At this point, the system functions were fully deobfuscated. This revealed that sub_1000ac95 was making calls to network-related functions such as InternetConnectW and HttpOpenRequestW, and that sub_1000d223 was calling several BCrypt functions. Both of these subroutines seemed worthy of further investigation.

Encryption

Now that I knew BCrypt was being used, I set a breakpoint at BCryptEncrypt. The second argument to BCryptEncrypt is a pointer to the data to be encrypted. It was difficult to tell what everything in this data buffer was, but it did contain the name of the infected computer, so my guess is that it’s all identifying information of some kind.
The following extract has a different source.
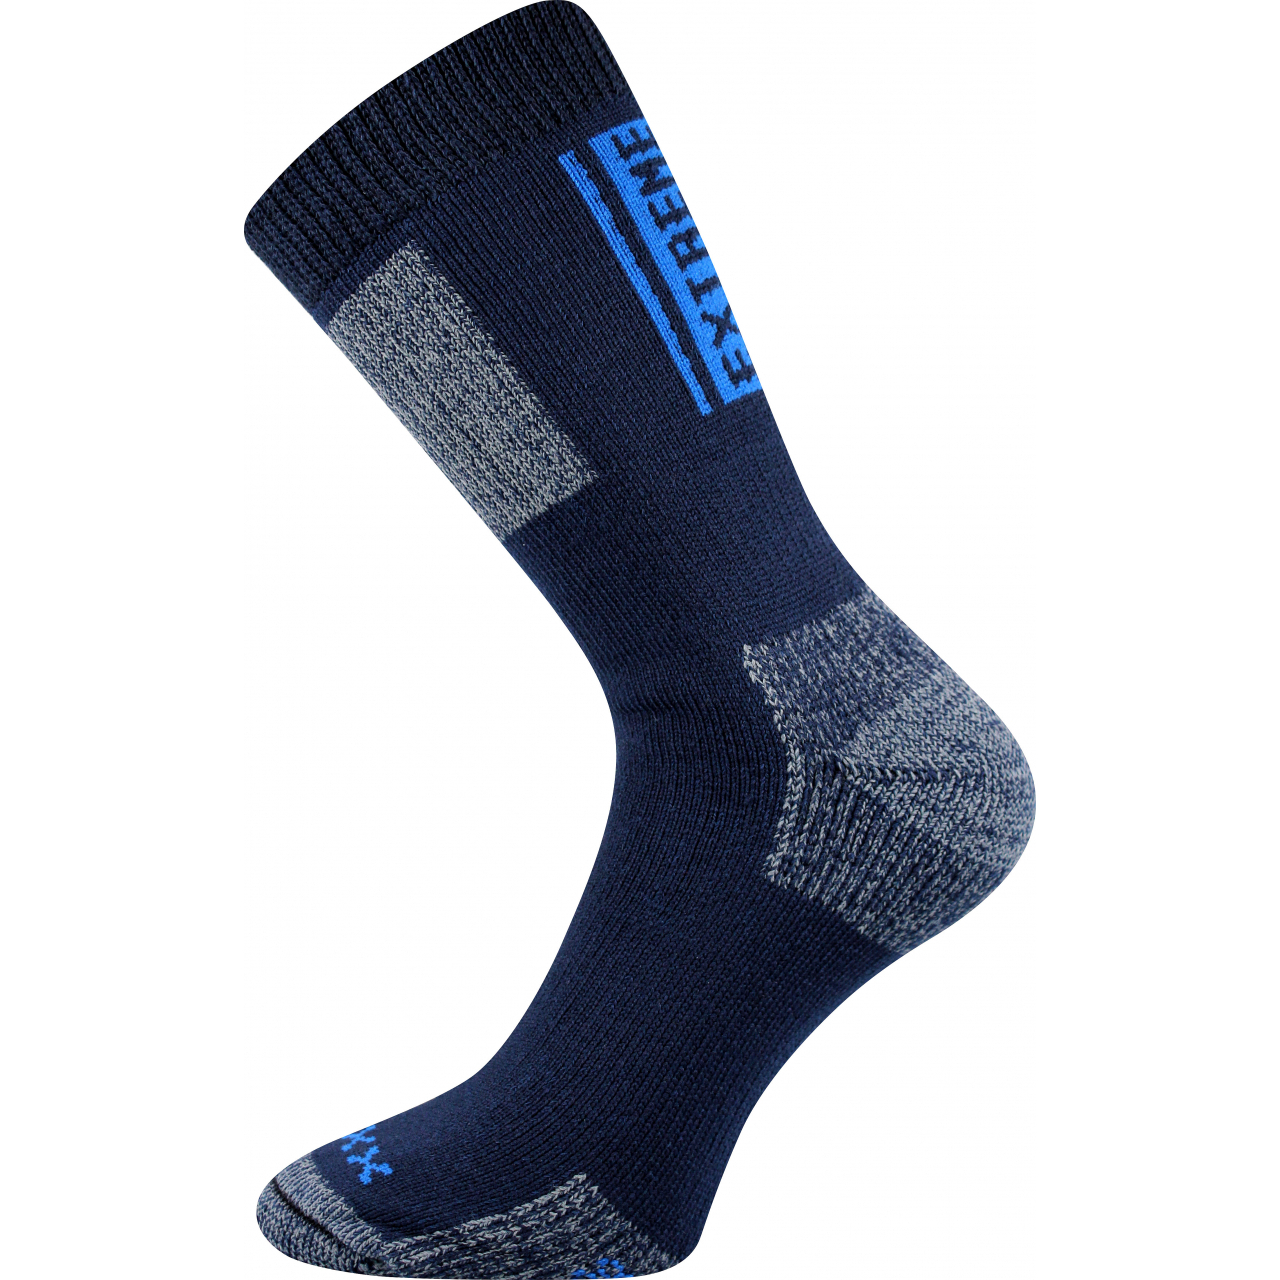 Ponožky unisex termo Voxx Extrém - tmavě modré, 39-42

The first argument to BCryptEncrypt is a BCRYPT_KEY_HANDLE struct corresponding to the encryption key. I eventually noticed a 32-byte value that looked like the key itself. This eventually proved to be an AES key in CBC mode, using an IV of zero.

Network Activity

The program repeatedly attempts to contact its C2 servers at port 80, 443, 7080, or 8080. Each request is of a form similar to the following:

[2022-12-24 11:04:38] [65813] [https_443_tcp 67312] [10.0.0.3:44624] connect 
[2022-12-24 11:04:38] [65813] [https_443_tcp 67312] [10.0.0.3:44624] recv: GET /jgmVJehRSbWmVZpyyHuYgnsxkTkjFswtLPOWMdaKBjWknn HTTP/1.1 
[2022-12-24 11:04:38] [65813] [https_443_tcp 67312} [10.0.0.3:44624] recv: Cookie: XFGojYhNm=qB51M5FmBrQr2QL0h9q0d+j9/0v0yL31buQC3c13xyhOhwig7oSz5qF2J1IproW5k6uhWeKLV0vfQp6DL+d8taRstSvV7syWiYYQ7b0fEv4ka+UYR4Lr4CC9U/UJsYcElg6w1lp9hqLa3YZ1CGybtymAf+RMMC6rGZTrBcRhRHubbqHJw3T3rJ62/DZBuav5+cxsp3mu+laqkR3MfPyVx/jlLnZQODV7JOi2bBTGvVy7cewAqg3owVYcIdRnR92DjVRQOQUikQbCkTwlJ+bKnZ038J3FF+CWjeBOOCAY8BQrTGeMGvGucjgrkzWYDwpQ

The base64-encoded data in the Cookie parameter contains the AES-encrypted data discussed earlier. Unfortunately, without knowing what kind of response the C2 server would send back, I wasn’t able to progress further.

Final Thoughts

In the end, I was able to figure out how to do most of the deobfuscation I had wanted to do. Once I discovered the hash function that was being used to call Windows library functions, the sample was much easier to understand. In addition, I’m definitely going to spend more time learning Binary Ninja scripting, as it proved to be extremely helpful for this sample.